Amanda Knox Case Strains Sister City Bond Between Seattle and Perugia

Amanda Knox Case Strains Sister City Bond Between Seattle and Perugia
Amanda Knox prepares to leave the set following a television interview in N.Y., on Jan. 31, 2014. (Mark Lennihan/Photo via AP)
Zachary Stieber
3/10/2014
Updated:
7/18/2015

Seattle and Perugia, Italy are sister cities, and the relationship was strained by the Amanda Knox case.

The relationship doesn’t include specific rules and is meant to foster cultural exchange and lifelong personal connections. 

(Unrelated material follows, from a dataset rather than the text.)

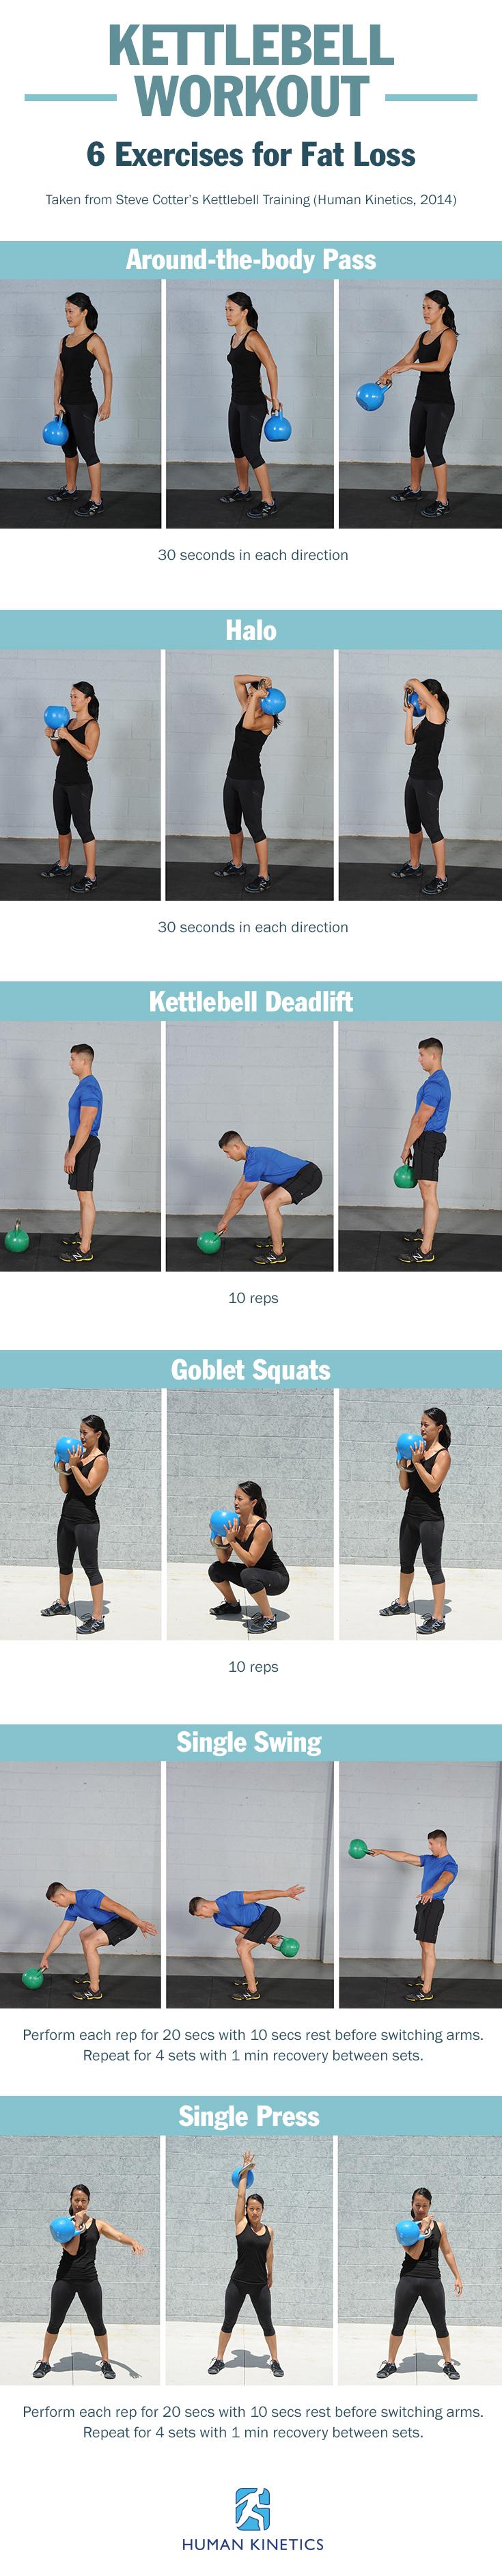 6 Kettlebell Exercises for Fat Loss

“There’s no official handbook, and if there were, it likely would contain little advice about what to do when it all goes terribly wrong,” reports the Seattle Times. “Like when high authorities in your sister city of Perugia, in Italy’s Umbria region, brand one of Seattle’s daughters — a hapless exchange student — as a satanic, sex-obsessed ;she-devil' who helped slaughter her own roommate, apparently just for fun.”

Knox’s guilty verdict was upheld earlier this year by the Italian Supreme Court after it was previously shot down by a lower court.

Knox remains in the United States and it’s unclear whether Italy will request or has requested extradition. 

She and two co-defendants killed student Meredith Kercher in 2007, the court decided. 

Mike James, a retired KING-TV anchorman, was in charge of the relationship between Seattle and Perugia while the trial was going on.

“It’s been a bit of a shadow,” he said. 

“It was more than just juggling friendships,” he said. “It was trying to keep the friendship going — separating the trial from the friendship.”

One of the things the association did was work with the Italian city on diffusing tensions between the Italians and Americans over the case, as well as assisting Knox’s family during its long stays in Italy during the process.